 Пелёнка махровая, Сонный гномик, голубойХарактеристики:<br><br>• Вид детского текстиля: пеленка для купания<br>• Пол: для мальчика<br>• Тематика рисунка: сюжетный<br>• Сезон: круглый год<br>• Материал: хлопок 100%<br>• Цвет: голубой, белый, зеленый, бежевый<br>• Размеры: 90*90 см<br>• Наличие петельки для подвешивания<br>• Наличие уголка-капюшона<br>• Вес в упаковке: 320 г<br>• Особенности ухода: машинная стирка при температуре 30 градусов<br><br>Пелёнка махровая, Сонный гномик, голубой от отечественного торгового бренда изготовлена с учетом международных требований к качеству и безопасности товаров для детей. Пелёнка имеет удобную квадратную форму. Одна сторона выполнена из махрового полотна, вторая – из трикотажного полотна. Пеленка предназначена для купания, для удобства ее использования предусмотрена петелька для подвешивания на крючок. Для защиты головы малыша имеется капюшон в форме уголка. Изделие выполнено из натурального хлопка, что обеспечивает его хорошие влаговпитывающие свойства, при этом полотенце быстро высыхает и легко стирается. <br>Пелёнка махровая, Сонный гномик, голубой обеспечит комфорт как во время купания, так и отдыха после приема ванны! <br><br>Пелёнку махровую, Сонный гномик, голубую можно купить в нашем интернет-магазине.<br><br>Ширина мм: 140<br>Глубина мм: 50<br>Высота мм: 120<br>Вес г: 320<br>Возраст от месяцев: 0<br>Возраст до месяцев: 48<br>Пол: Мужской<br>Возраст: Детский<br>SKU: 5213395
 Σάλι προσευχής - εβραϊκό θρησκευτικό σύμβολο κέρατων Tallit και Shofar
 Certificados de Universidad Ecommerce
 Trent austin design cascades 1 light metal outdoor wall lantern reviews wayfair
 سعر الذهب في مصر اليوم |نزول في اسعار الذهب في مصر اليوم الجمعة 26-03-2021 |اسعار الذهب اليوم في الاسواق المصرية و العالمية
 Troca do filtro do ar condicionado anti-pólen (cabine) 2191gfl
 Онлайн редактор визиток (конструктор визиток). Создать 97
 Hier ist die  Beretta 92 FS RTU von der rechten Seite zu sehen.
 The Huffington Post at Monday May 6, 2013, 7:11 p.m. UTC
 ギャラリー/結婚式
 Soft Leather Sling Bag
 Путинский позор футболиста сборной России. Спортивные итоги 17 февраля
==========
**Directions:** Copy the lines from the one with "Σάλι προσευχής - εβραϊκό" through the last line of the material above, exactly as they are and with no others.

**Task output:**
 Σάλι προσευχής - εβραϊκό θρησκευτικό σύμβολο κέρατων Tallit και Shofar
 Certificados de Universidad Ecommerce
 Trent austin design cascades 1 light metal outdoor wall lantern reviews wayfair
 سعر الذهب في مصر اليوم |نزول في اسعار الذهب في مصر اليوم الجمعة 26-03-2021 |اسعار الذهب اليوم في الاسواق المصرية و العالمية
 Troca do filtro do ar condicionado anti-pólen (cabine) 2191gfl
 Онлайн редактор визиток (конструктор визиток). Создать 97
 Hier ist die  Beretta 92 FS RTU von der rechten Seite zu sehen.
 The Huffington Post at Monday May 6, 2013, 7:11 p.m. UTC
 ギャラリー/結婚式
 Soft Leather Sling Bag
 Путинский позор футболиста сборной России. Спортивные итоги 17 февраля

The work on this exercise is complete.